The mechanism of RB/RBILD is still not understood. However, there exists an experimental condition, which shows similar features: in previous experimental inhalation, study investigators used titanium oxide as an inert nontoxic control substance. In these studies it was shown that increasing the dosage of TiO₂ does cause a toxic reaction within the lung by an accumulation of macrophages resulting in obstruction of small bronchi and bronchioles and extension of the infiltrates into the centrilobular lung areas. Macrophages by phagocytosing TiO₂ released cytotoxic enzymes, which subsequently destroyed the wall of bronchi, bronchioles, and alveolar septa and finally resulted in scar formation and fibrosis of alveolar septa. This phenomenon was called overload [27, 28]. Morphologically it resembles RBILD. So probably RBILD is caused by an overload with toxic tobacco smoke products resulting in this accumulation of macrophages. However, it should be reminded that additional factors are acting, since RBILD is not seen in every smoker.

By definition DIP is characterized by an accumulation of pigmented smoker macrophages within alveoli, completely obscuring the peripheral airspaces. No infiltration of bronchioles is present (Figs. 7.13 and 7.14). Fibrosis of alveolar septa if present is mild. DIP can radiologically simulate a tumor with ground-glass opacity, not uncommonly misdiagnosed as adenocarcinoma in situ [22]. Only by immunohistochemistry using anti-CD68 antibodies the nature of the accumulating cells is becoming clear (Fig. 7.15).

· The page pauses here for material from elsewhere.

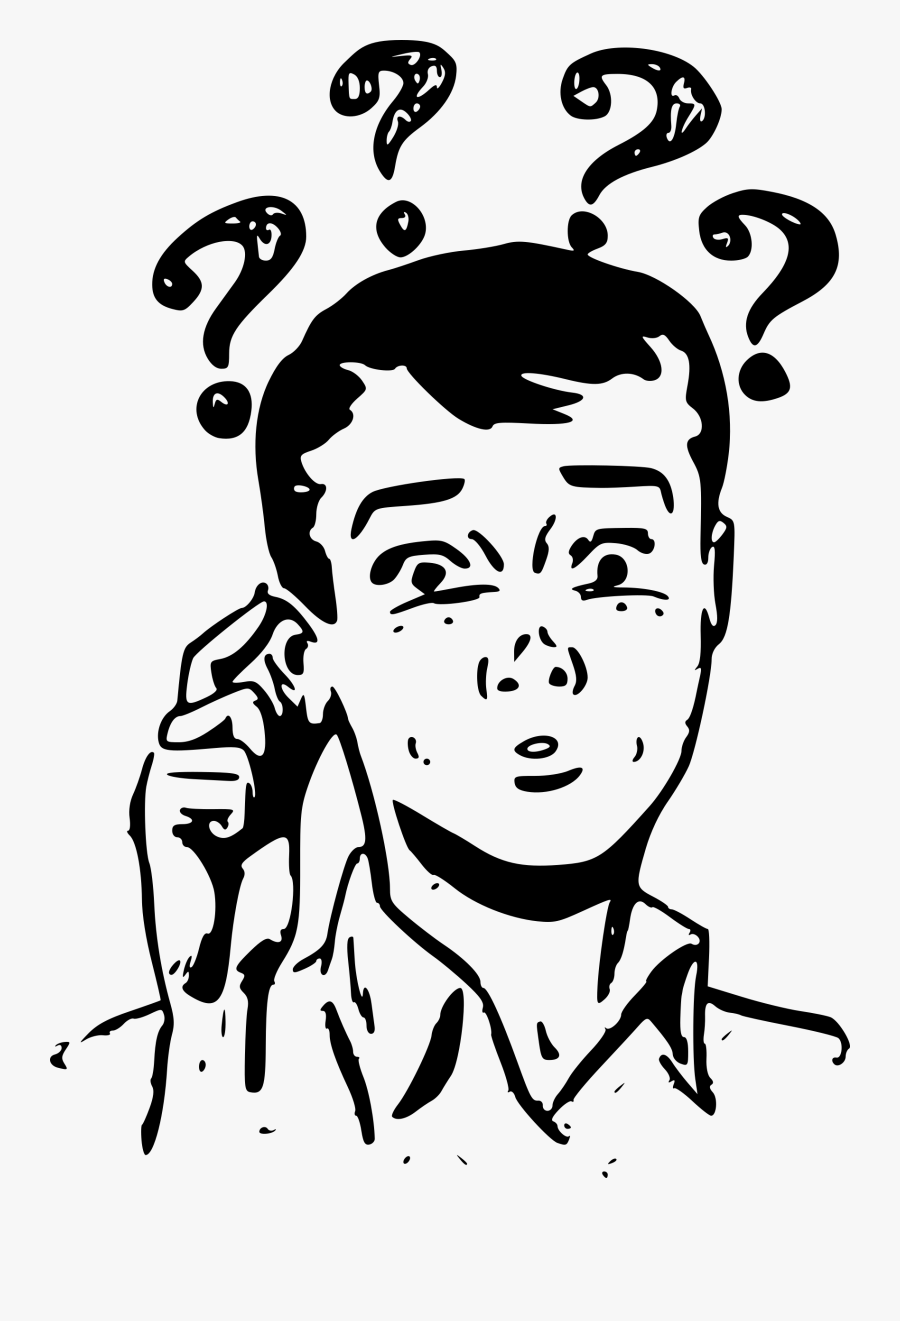 Confused Face Drawing - Confuse Clipart Black And White, Transparent Clipart

For several decades, the discussion, if RBILD could be the early form of DIP or vice versa, is unsolved. But there are some aspects, which clearly separates both entities: DIP is a rare, whereas RBILD a common disease. Respiratory bronchiolitis is not seen in DIP and extension of macrophage accumulation beyond the centrilobular region is not seen in RBILD. If one disease arises from the other entities, some overlap features should be present. So I think this debate can be closed, just on logical aspects.

The reason of DIP might be explained similar to RBILD; however, as DIP is rare, there might be some other underlying disease modifiers, which we do not know. A few other causes have been reported in the literature such as steel welding fumes [36], waterproofing sprays [37], and toxin inhalation, as well as certain drugs [35].

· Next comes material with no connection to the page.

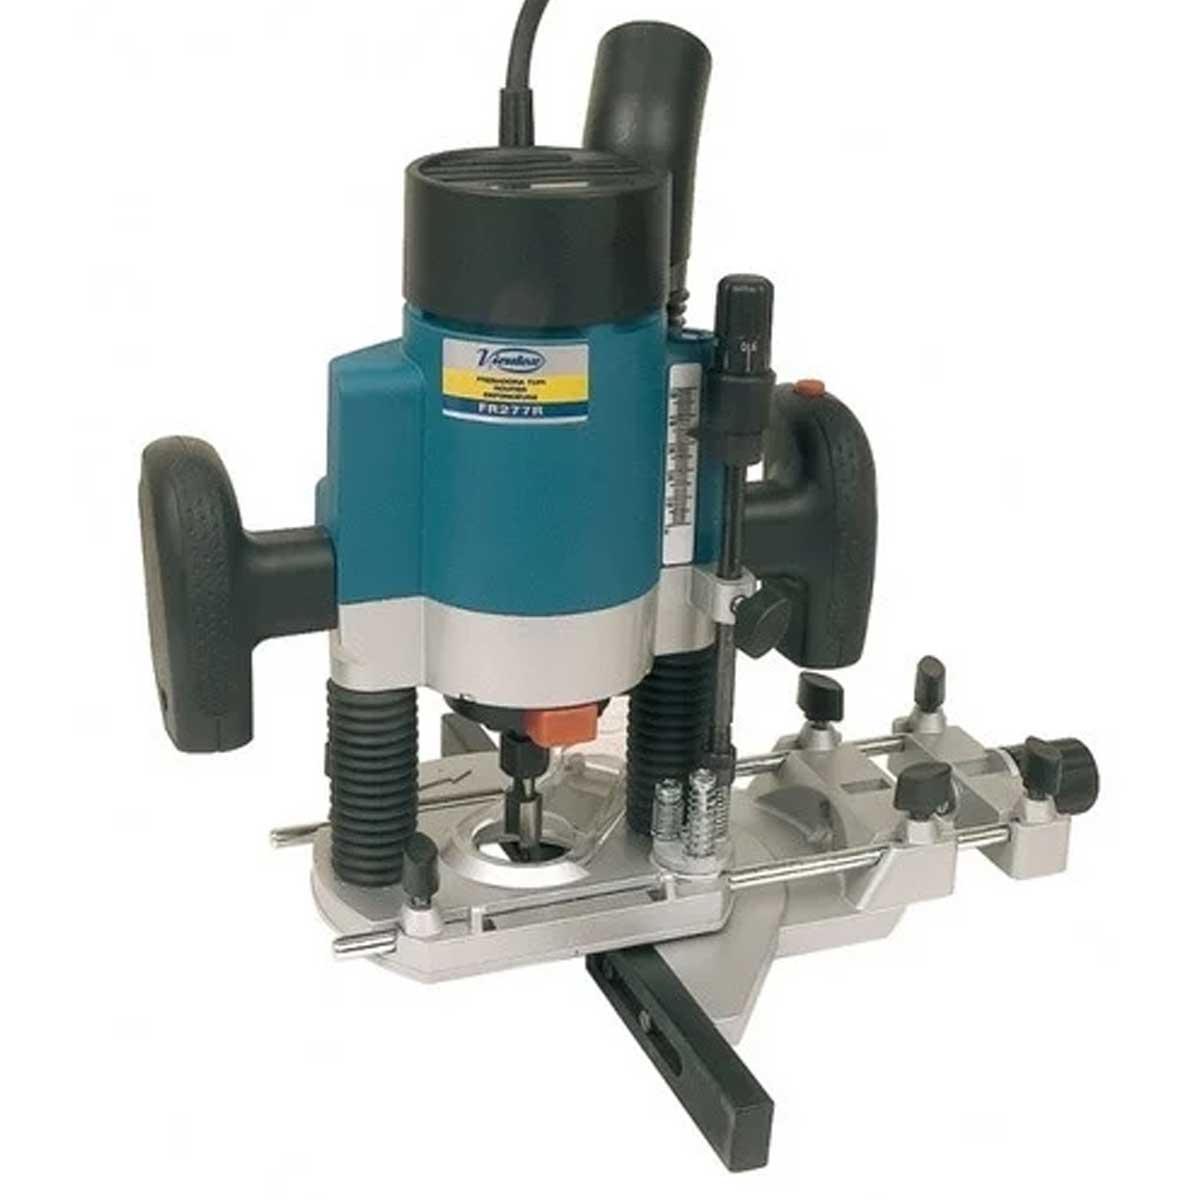 Surface Router Manufacturers, Suppliers in Indore

Bronchoalveolar lavage can be of help in the diagnosis of DIP and RBILD. However, in both diseases pigmented alveolar macrophages dominate the cytological findings. Alveolar macrophages can be seen in up to 85 % of the total cells. Staining for hemosiderin can be positive in these macrophages; however, this is a mild finely granular staining, not coarse granular as in previous episodes of hemorrhage.